近100年來,歷史學家經常呼籲,歷史不應該用現代人所用的概念來任意切割,而應該根據當時歷史人物所采用的概念來理解。於是在科學史上,“歷史上科學和宗教沒有分離”的說法就流行起來了。然而,哈裏森不就是用他現在用的概念自己切割歷史的嗎?答案顯而易見。他認為歷史上的“科學”和“宗教”更多指向的是“個人的內在品質”。這不是用現代的“內在品質”概念來理解過去嗎?
大量似是而非的說法出現,根本原因是歷史學家將科學和宗教的概念“物化”(即把它們當成桌子和凳子之類的東西)。他們認為客觀世界存在著科學和宗教兩種實體,然後現代人和古代人可以對它們有不同的看法。但是,概念並不是獨立於人類經驗而存在於外部世界的實體,而是人類為了理解經驗世界(包括外部世界)而必須事先預設的工具。人們在研究科學和宗教時,必然預設了壹系列什麽是科學,什麽是宗教的標準。同樣,古人研究“科學”和“宗教”,他事先就知道“科學”和“宗教”是什麽意思。從古至今,從“科學”和“宗教”到科學和宗教,只有兩個詞在意義上發生了演變,在這個過程中並不存在兩個名為科學和宗教的實體。把科學和宗教理解為實體,其哲學意識還處於康德的前批判階段和胡塞爾現象學的生活世界階段。沒有壹個精確的概念可以用來整理史料,有些歷史研究相當隨意,有點類似於日常生活中沒完沒了的閑聊。大部分似是而非的說法都有聊天的屬性,“歷史上科學和宗教沒有分離”;但實際上,現代人講的科學與宗教,和古代人講的“科學”與“宗教”,只是指向不同的概念。

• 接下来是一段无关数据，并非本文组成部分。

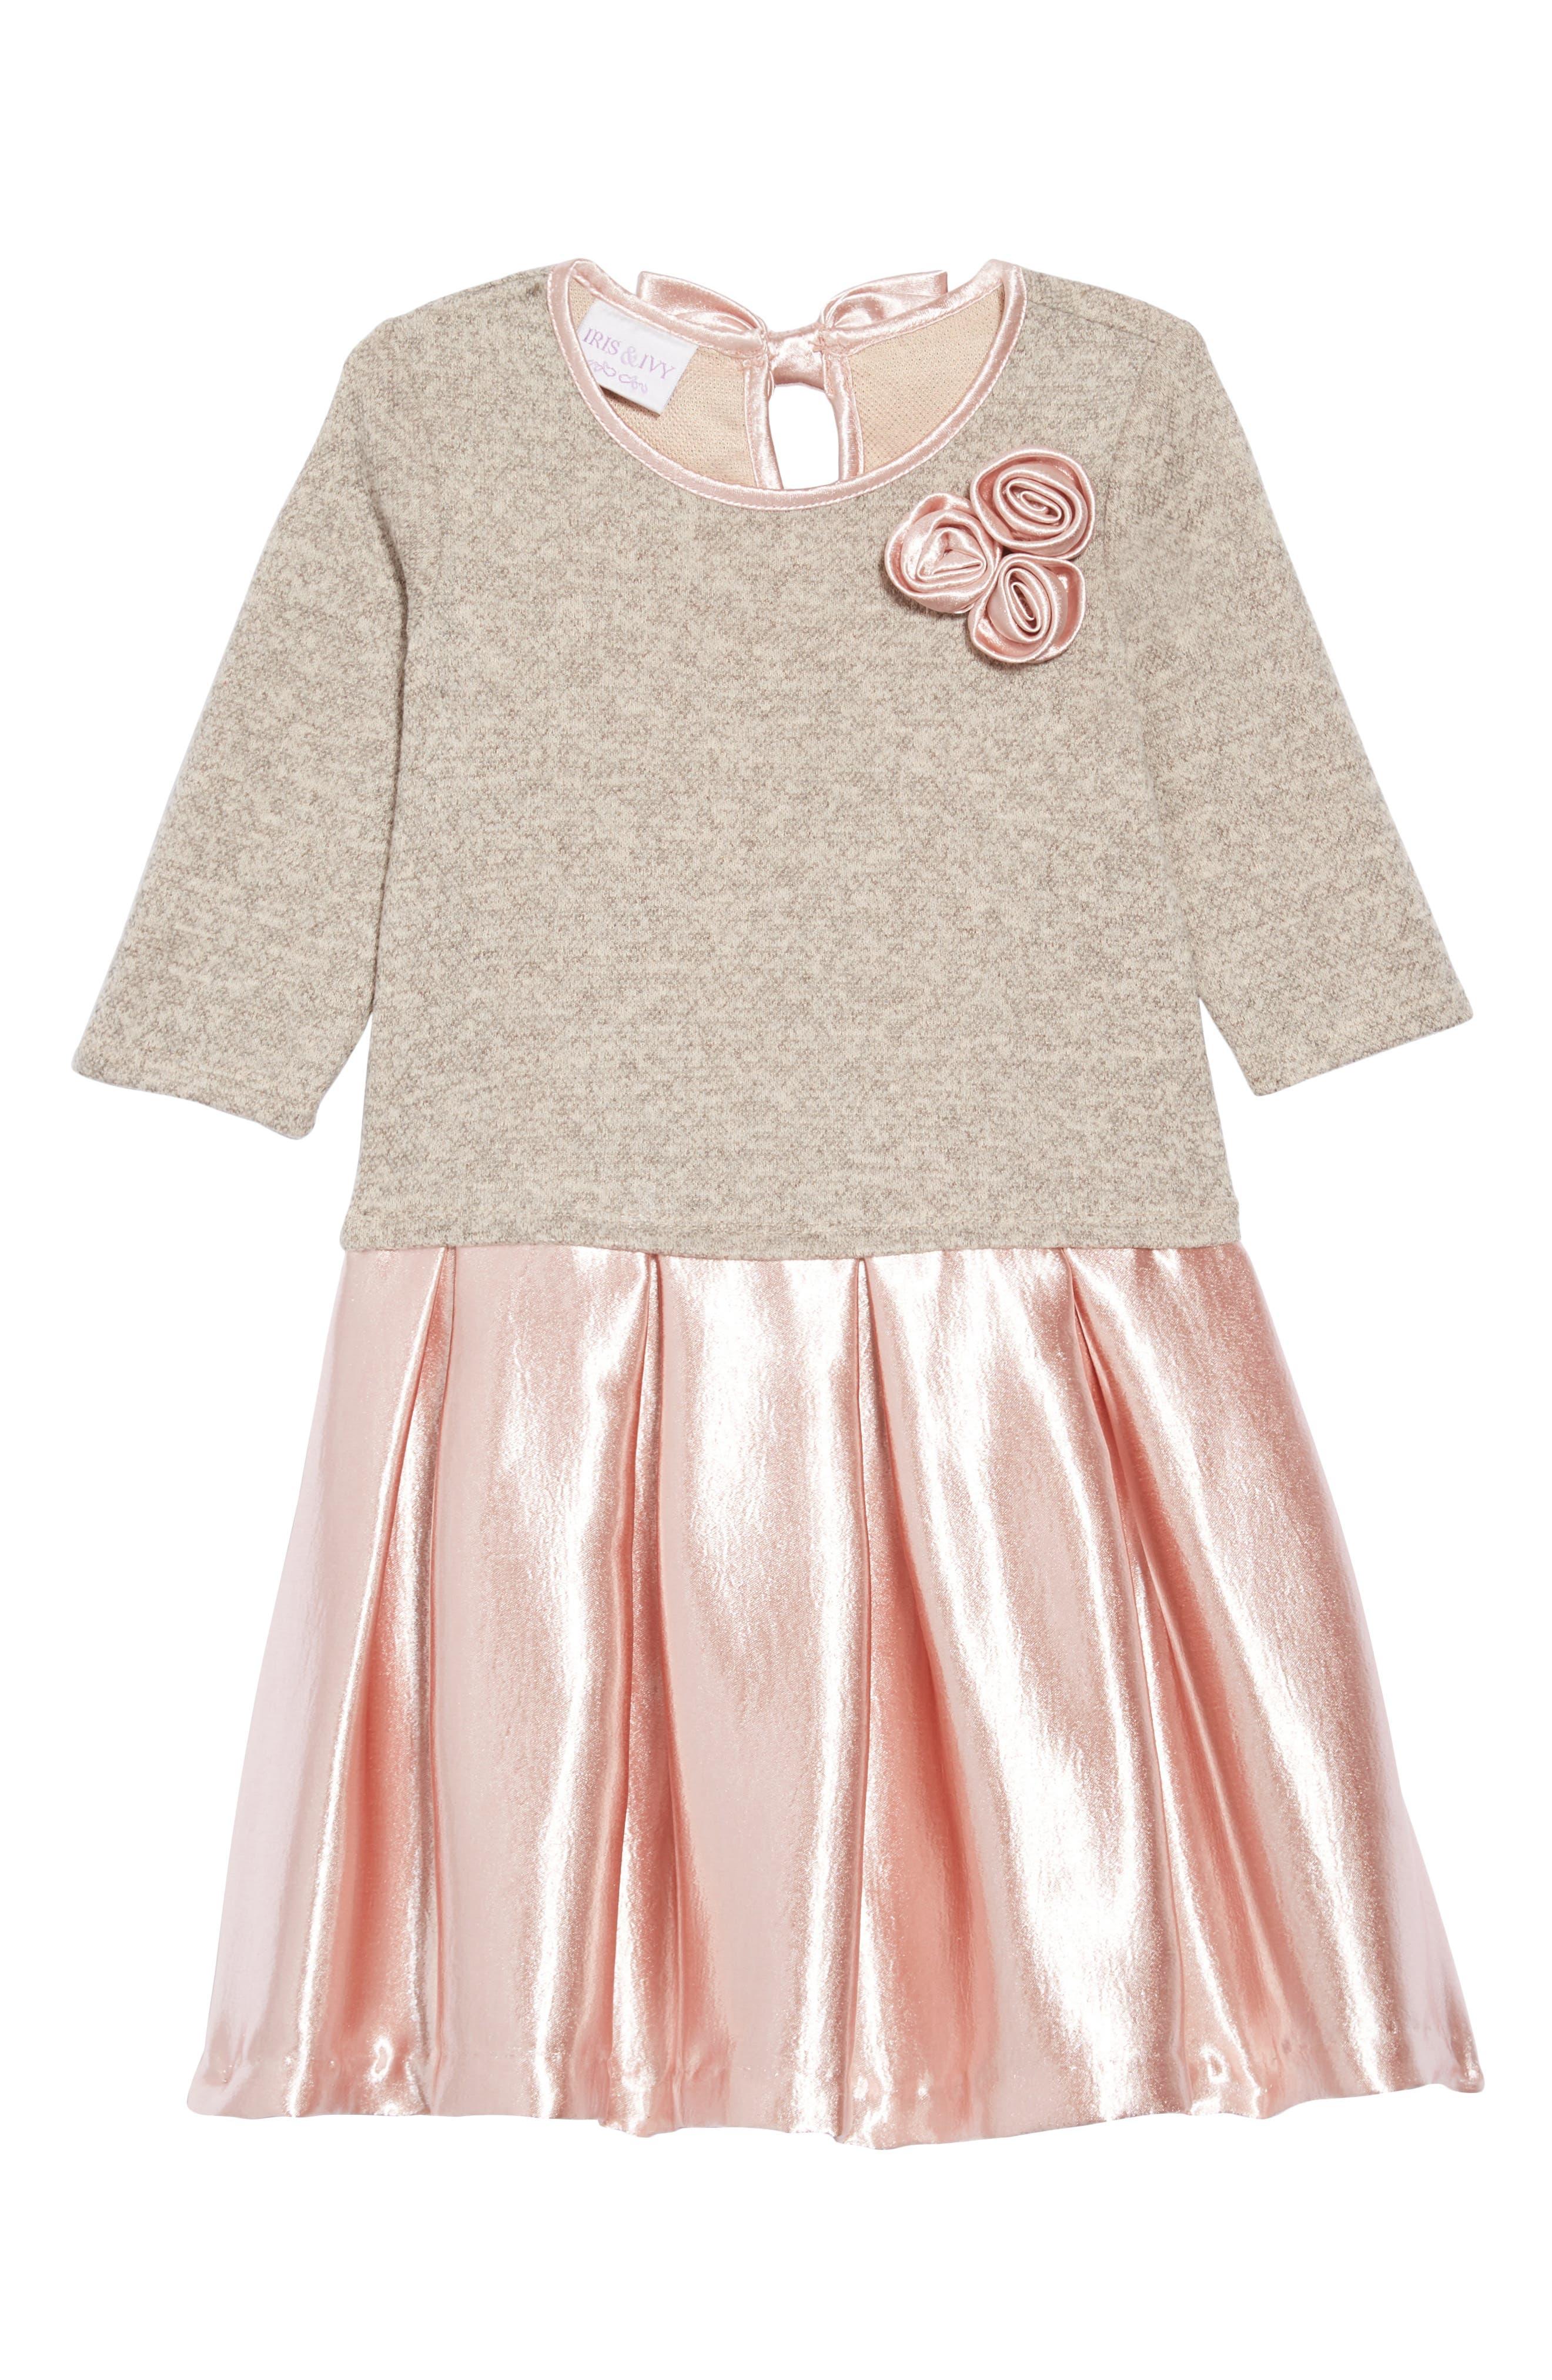 Knit Hammered Satin Dress,                         Main,                         color, ROSE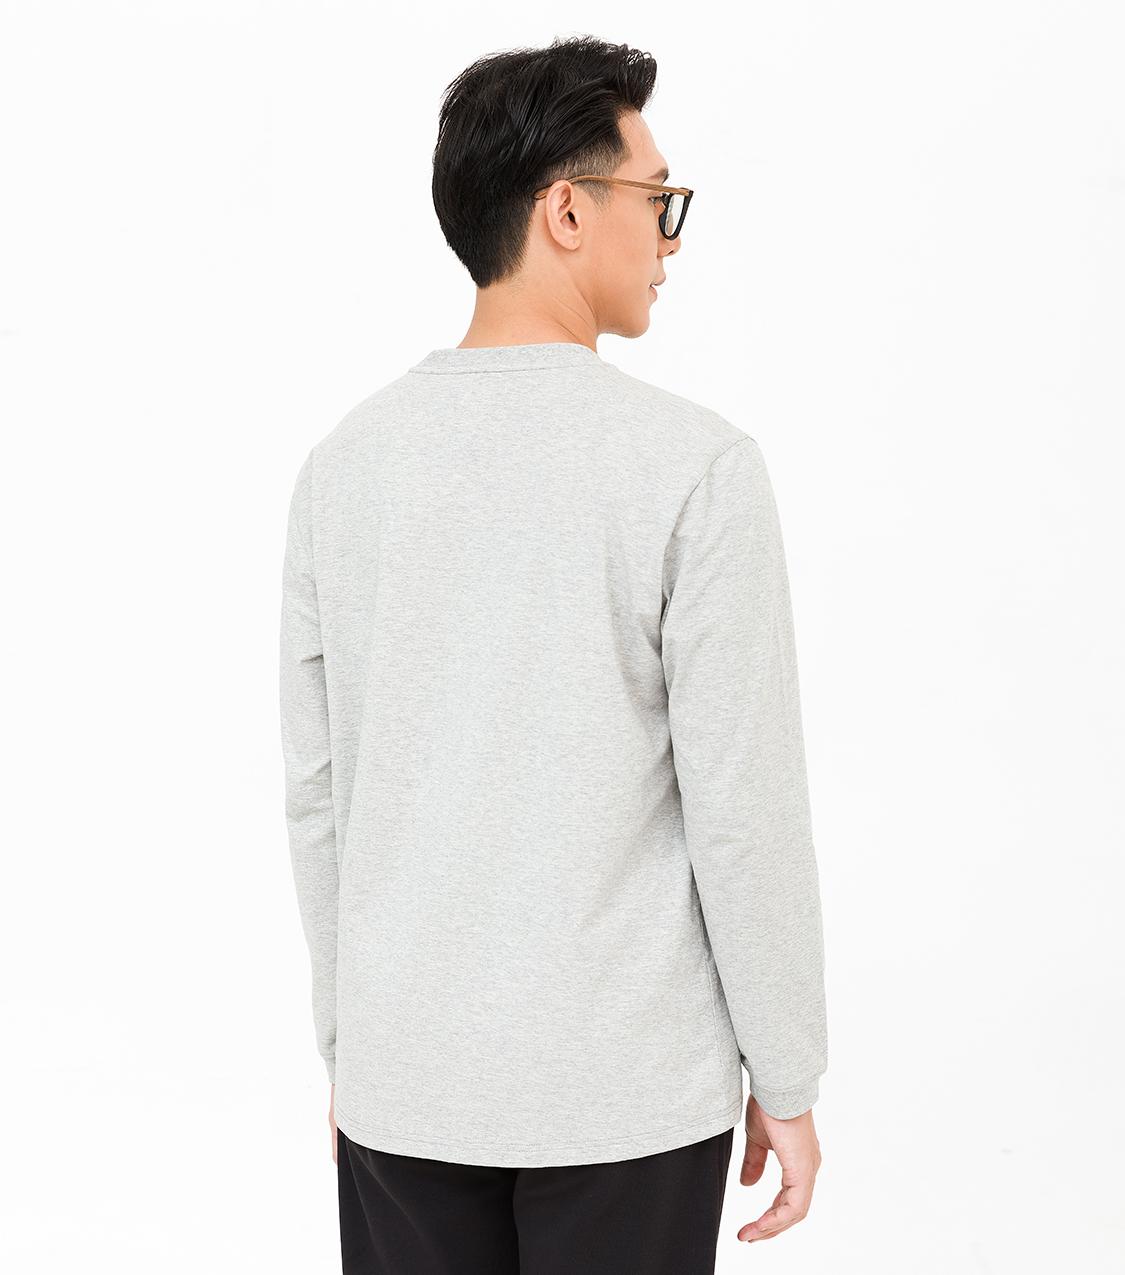 Áo thun dài tay nam Cotton Compact phiên bản Premium

在歷史學領域,對歷史上概念的意義演變的研究稱為譜系學。但是,這裏有壹個問題。如果古代人對“科學”和“宗教”的理解與我們現在的理解不同,譜系學研究是否會陷入相對主義,即如著名科學史家托馬斯·庫恩所說的“現代人和古代人生活在不同的世界”?。我不認為哈裏森的研究結論修改了就會陷入相對主義。問題的關鍵還是他誇大了古今之間的斷裂,沒有充分強調古今之間的連續性。現代人理解科學,宇宙科學是某種方法或命題體系,與古代的理解既有斷裂,又有延續;“科學”是壹種“內在質量”的意義已經消失(但這是壹種無害的斷裂,只會造成無害的相對主義,因為人們仍然知道什麽是“內在質量”),延續部分主要在於科學方法。在延續部分,現代人對科學的認識表現出理性的優越性(從而克服了相對主義)。哈裏森教授之前說過,歷史上“科學”和“宗教”並沒有分離。其中壹個重要的證據就是,很多科學家(或者當時的自然哲學家)都希望通過科學研究來發現上帝的旨意。可惜,這壹切都是徒勞。首先,有些人(有些神學家)想把現有科學內容無法解釋的自然現象描述為上帝之作。但是,如果我們不弄清楚上帝是如何創造這些現象的,上帝按意誌行事的說法就沒有科學意義。另外,也有人(包括牛頓)認為自然界有各種聲光起電的神奇自然規律,如此有序,背後壹定有神靈的控制。同樣,除非弄清楚上帝是如何控制自然法則的,否則這種說法毫無意義。
3.結論:應該仔細區分科學和人文。
將科學與宗教關系的歷史完全解讀為對立和鬥爭是不符合歷史事實的,而且這種誤解帶來了不好的後果(比如美國曾經發生過進化論與神創論的意識形態之爭);但也有學者如哈裏森等在豐富史料的基礎上做了壹些修正,其研究中使用的概念並沒有得到完全的澄清。哈裏森等人除了研究歷史,顯然還有自己的人文關懷。他們想用歷史提供壹種不壹樣的可能性,希望在科學和宗教(以及人文)之間架起壹座橋梁,呼籲人們關註社會的人文修養。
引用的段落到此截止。